きっと『普通』のドラゴンだったならそうなのかもしれない。だけど、俺は何故か人間のことについて知っている、少なくとも『普通』ではないドラゴンだからな。
それはただの気のせいなんかではなく、実際に彼の言うこともはっきりと理解できる。
前々から思っていたが、俺は他とは少し事情が違うようだ。
だけどそれが何なのか、今の俺には分からない。ただ本当にちょっと特殊なだけだったら良いんだが、どうにも引っかかると言うか……。
「クルル……」
懐で喉を鳴らすラゥナの頭を、そっと撫でる。
それはそうと、そのおそらく『普通』のドラゴンであるラゥナが大人しいのは……多分、こいつがもともと変わり者だからだろうか。
彼女の様子から、青年が言った通り人間の言葉はあまり分かっていないようだから、俺とはやはりまた別の問題なのだろう。
「あ、自己紹介がまだだったね、僕はエル。この村の村長の一人息子だよ。君たちのことは村長も許可してるから、傷が治るまで良かったらここでゆっくりしていきなよ。それじゃあ、僕はそろそろ農作業に戻るね」
青年はそのまま再び鍬を担ぐと、柵の向こうの畑に向かっていった。
エル……エルだと? これも。どこかで聞いたことがあるような。
『──おいエル、よせ、もう良い!』
その瞬間、何か会話のようなイメージが頭の中に浮かんできた。
……なんなんだ、これは。
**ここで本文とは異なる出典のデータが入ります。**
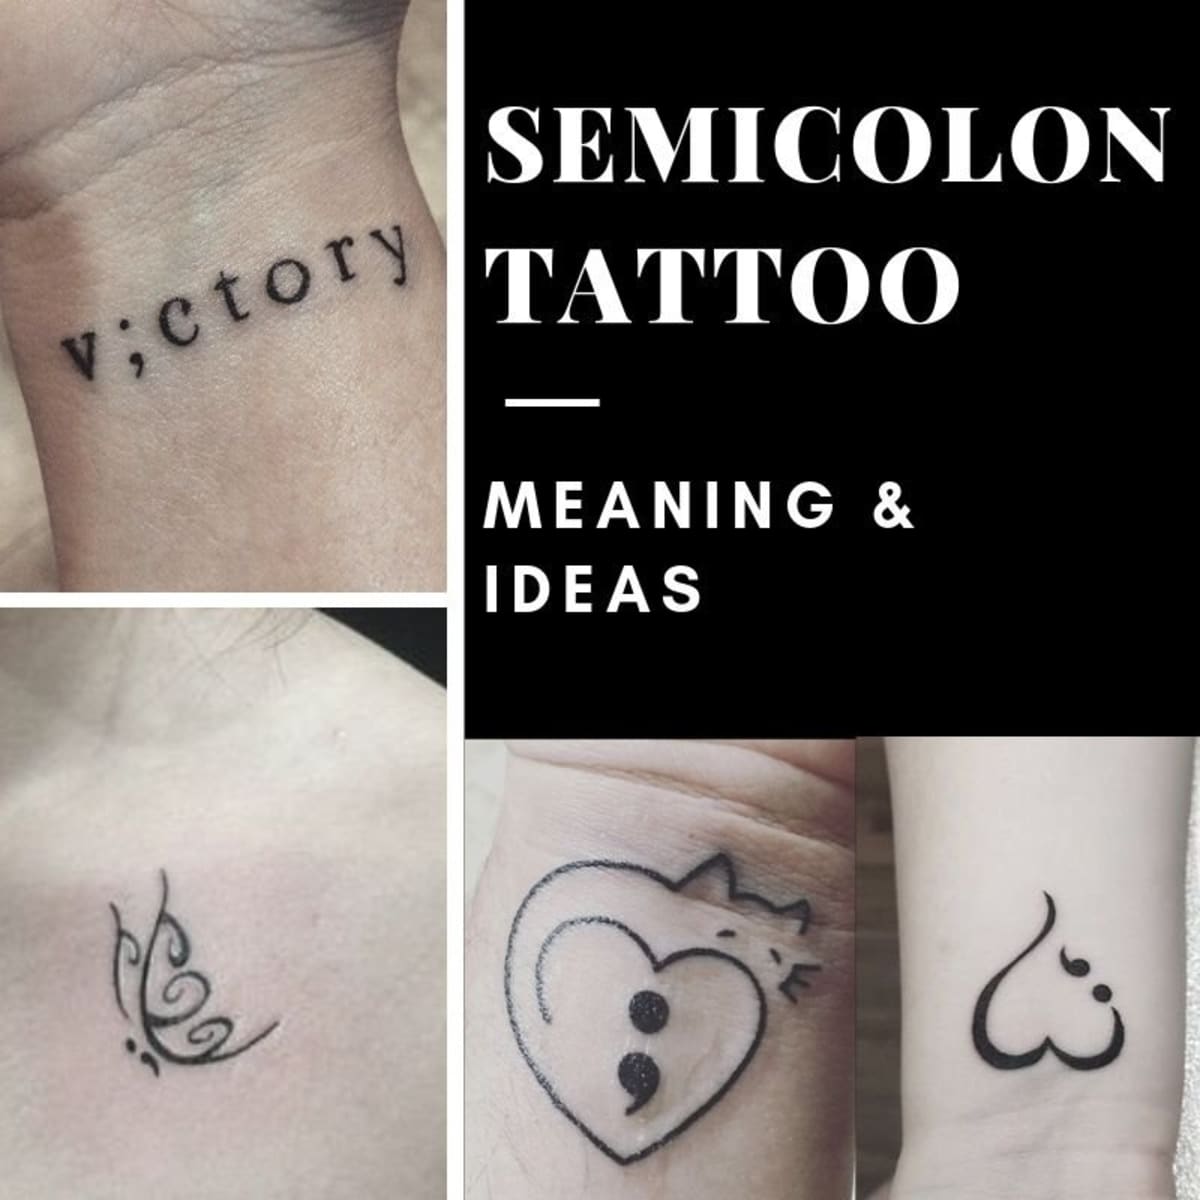 Semicolon Tattoo Meaning, Ideas, and Pictures - TatRing

俺の記憶には無いものだ。
今までとは違って割とはっきりしたイメージが浮かんできたことに、俺は戸惑いを隠せずにただ青年の歩く背中を見つめて立ち尽くす。
ラゥナはそんな俺の様子を見てまだ俺が本調子では無いと思ったのか、俺の分の獲物も取ってくるよと言ってきた。
確かに、少し疲れているのかもしれない。
俺は言葉に甘えて頷くと、その場に丸くなって目を閉じた。